Dutzende Steirer haben sich am Mittwoch in Graz um eine Fahrt mit der "Kanzler-Bim" angestellt, nicht alle waren am Ende glücklich: Bundeskanzler Christian Kern (SPÖ) hatte in die gebrandete Straßenbahn geladen, aber mehr Menschen als erwartet waren dem Angebot gefolgt. Die Konsequenz war mangelnde Frischluft und Hitze, aber Kern verlor weder Humor noch seinen Willen für ein offenes Ohr.

Nicht klimatisierten Straßenbahn

Mit der nicht klimatisierten Straßenbahn vom Typ "Cityrunner" dürften die Organisatoren der PR-Veranstaltung eher wenig Freude gehabt haben. Dennoch ließ sich eine ganze Schar von Männern und Frauen jeden Alters nicht davon abhalten. Gerade einmal 35 Tickets wurden bei der Abfahrtshaltestelle am Jakominiplatz ausgegeben. Die übrigen Plätze waren für zusteigende Gäste sowie die Entourage des Kanzlers - darunter etwa LHStv.

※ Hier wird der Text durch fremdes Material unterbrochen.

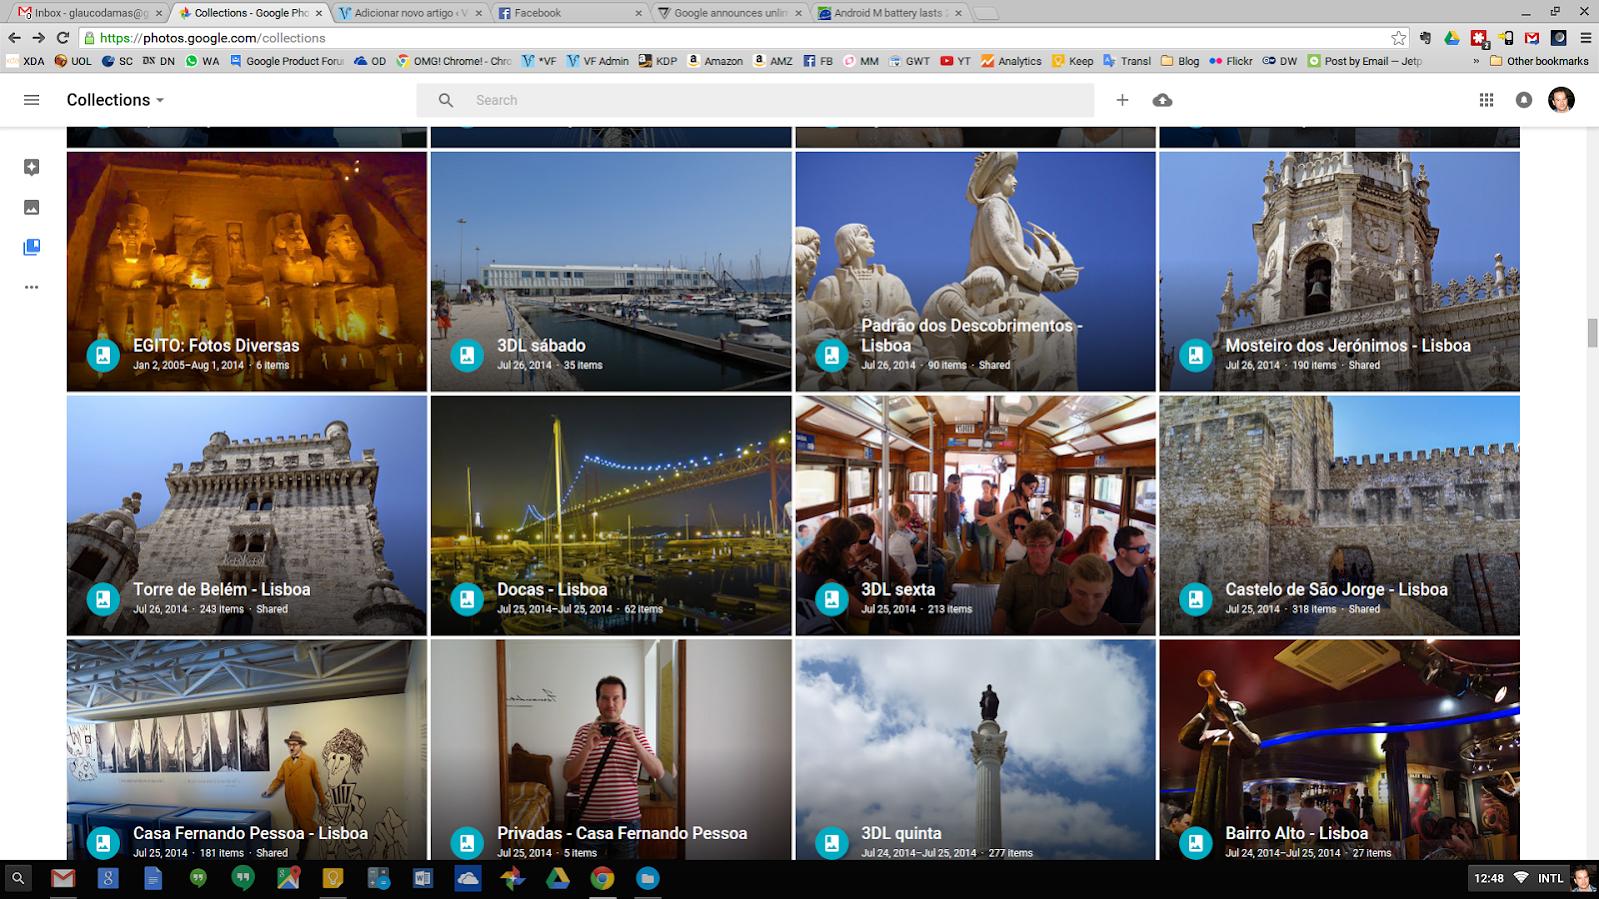 Novo Google Fotos: recursos inteligentes e armazenamento ilimitado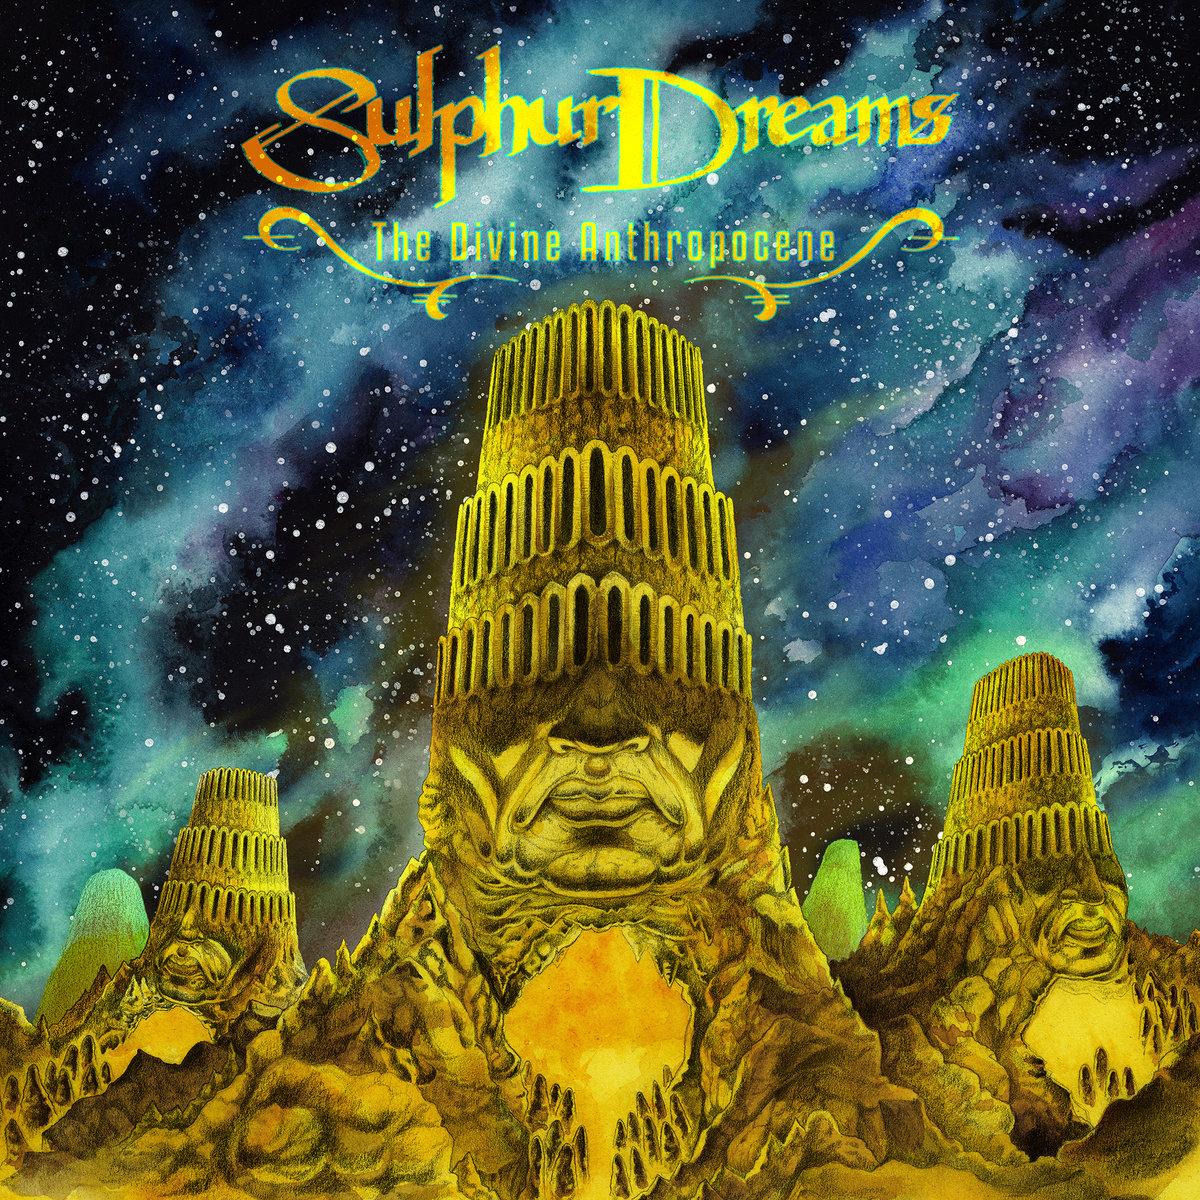 What dreams of sulfur 69

Michael Schickhofer (SPÖ) - sowie Medienleute reserviert.

Video: Keine Schwarzfahrer in der Kanzler-Bim

Kern in Straßenbahn: Keine Schwarzfahrer in der Kanzler-Bim

Haltestelle für Haltestelle wurde es enger und heißer in der Bim, Kern arbeitete sich von vorne nach hinten durch - ohne jedoch ans Ziel zu kommen. Nach einer knappen Stunde Fahrt war er gerade einmal bei der Mitte der Garnitur angekommen. Jeder wollte mit ihm sprechen und sein Anliegen vorbringen. Zum Beispiel eine junge Frau, die wissen wollte, warum die Grazer die Wiener Linien und die U-Bahn mitfinanzierten, aber für Graz viel weniger Geld für den öffentlichen Verkehr seitens des Bundes ausgegeben würde. Kern erklärte, dass der Bund zuletzt mit dem Koralm- und dem Semmeringbasis-Tunnel sehr viel Geld in der Steiermark investiert habe. Er gab ihr aber Recht, dass auch für den städtischen Verkehr mehr ausgegeben werden müsste.

Regionalität

Eine weitere jugendliche Anhängerin wollte ein Foto mit Kern und fragte ihn, warum etwa die Salzburger im Zuge des Finanzausgleichs mehr Geld als die Steirer bekommen und ob er sich dafür einsetzen wolle, dass alle gleich viel bekommen. Ein Mann wiederum sprach den Kanzler auf die Möglichkeit einer Entwicklung zurück zu mehr Regionalität an. Ihm zufolge sei vieles in der EU nicht nachhaltig. Kern meinte daraufhin, dass die Standards noch höher werden müssten und diese auch in der ganzen EU durchgesetzt gehörten. Außerdem sollte etwa auch die Gastronomie verpflichtend die Herkunft ihrer Produkte angeben und nicht billige Käfigeier aus dem Ausland kaufen.

Gruppierungen

Die "Kanzler-Bim" nutzten auch diverse Gruppierungen, um ihre Botschaften beim Kanzler anzubringen - etwa die "Väter ohne Rechte" sowie TTIP- und CETA-Gegner. Letztere stimmten kurz vor Ende der Rundfahrt durch die Stadt im Chor an: "TTIP stoppen. CETA stoppen." Ehe sie ausstiegen, riefen sie dem Kanzler noch zu: "Kern, mach was gegen TTIP und CETA. Wir glauben an dich." Der SPÖ-Chef reagierte mit einem Schmunzeln und wandte sich weiteren Fahrgästen zu. Viele junge, aber auch ältere Damen wollten Fotos oder Selfies mit ihm.

Nach der Fahrt meinte Kern, dass nichts Überraschendes bei den Gesprächen dabei gewesen sei: "Aber jedes einzelne war interessant. Das nächste Mal machen wir eine Kanzler-Sauna. Da gibt es dann aber keine Selfies mehr."